Sir Alex Ferguson always maintained that Solskjaer was so lethal when coming off the bench because, unlike today’s iGadget brandishing replacements, the “baby faced assassin” as he was then known, used to pay real attention to the game that was unfolding before his eyes, meticulously watching the opposition defenders and plotting their downfall from afar. When Fergie gave Ole the nod to come on, the striker would already know what he was going to try and achieve and managed to score 28 times after coming off the bench, a United record.
This level of tactical awareness and the ability to read what is developing on the pitch will have surely been a key factor in Solskjaer’s early successes as a manager in his home country, and I believe that in Solskjaer, Villa could find themselves with the next up and coming young manager and the latest in a long line of managers who have played for Fergie.
Of course, tactical nous on its own is not good enough to manage a club at the highest level, you need to be able to handle the media and manage the players as people, two things I believe Solskjaer will excel in, having seen his ice cool personal come through in interviews over the years. Solskjaer has always come across as a reasonably relaxed, approachable person, but nevertheless a dedicated and hard working professional who will no doubt expect the same from his players.
Ultimately, managers are judged by their activities in the transfer market and results on the pitch and it will be interesting to see how Solskjaer handles a Premier League transfer budget and the players that he brings in. Given the number of young players at Aston Villa at the moment, I can easily see a young up and coming manager getting one heck of a lot more out of the players than Alex McLeish ever did, although it could be argued that it would be difficult for a manager to get any less out of Aston Villa’s class of 2012.
So far in this article I have done nothing but praise the former Manchester United forward and his tutor, whom he will no doubt learned a lot from. I’ve spelled out all the reasons I would want Solskjaer to manage my team if I were Randy Lerner, but I have a feeling that Villa will have to really pull out the stops to obtain the Norwegian’s signature.

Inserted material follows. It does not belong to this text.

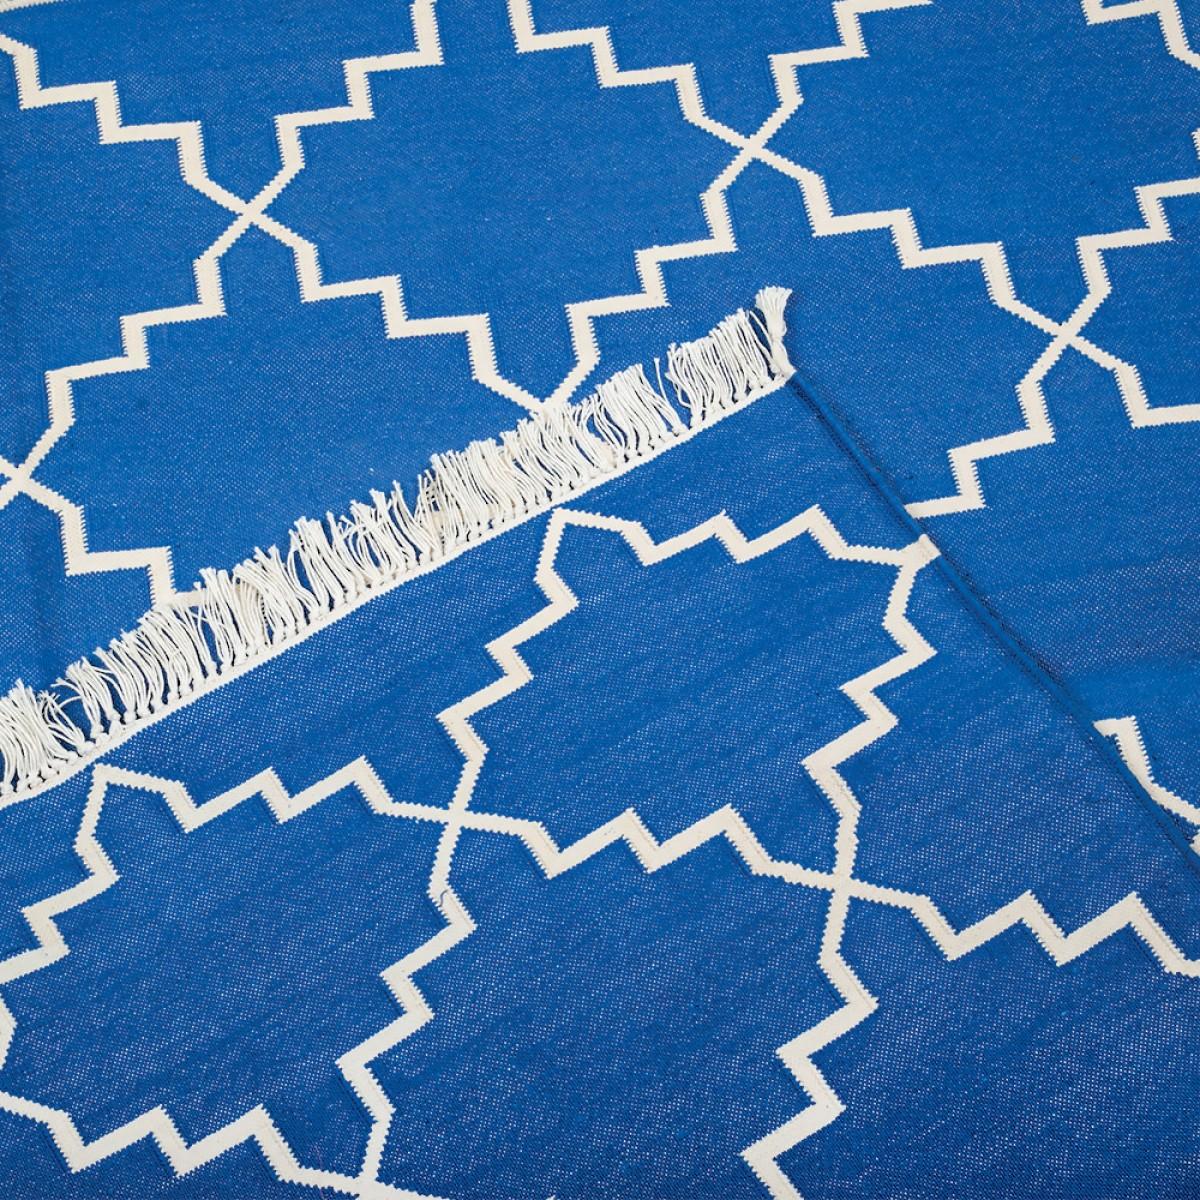 Cotton Floor Rugs - Blue & Zari

But why would Solskjaer want to manage Villa?
Sure, stepping up from the Norwegian league to the Premier League sounds like something only a fool would turn down, at least on the surface of thing anyway, but if you scratch beneath the surface I think there are plenty of reason’s for Solskjaer to be cautious about risking his reputation in the Midlands.
As I previously stated, whilst manager of Manchester United Reserves, Solskjaer was approached by his country about taking up the reigns at the Norwegian National Team, Solskjaer declined the opportunity, saying that he was not ready to make the step so early in his career. If big clubs like Aston Villa are coming in for him off of the back of a successful season in Norway and a reference from Sir Alex so early on in his managerial career, then Solskjaer may stay at Molde FK for another season, waiting for a club who are in a better position than Villa currently are to come in for him.
I have a feeling that Ole Gunnar Solskjaer is no mug and will continue to progress his career, but at his own pace. If Villa want to bring the former “super sub” to their dugout then Randy Lerner is going to have to convince Solskjaer that he will be given the full backing of the board, something the last few Villa managers have not had in my honest opinion, otherwise they could miss out on one of the hottest up and coming young managers in Europe right now and the lift that the Villains so desperately need.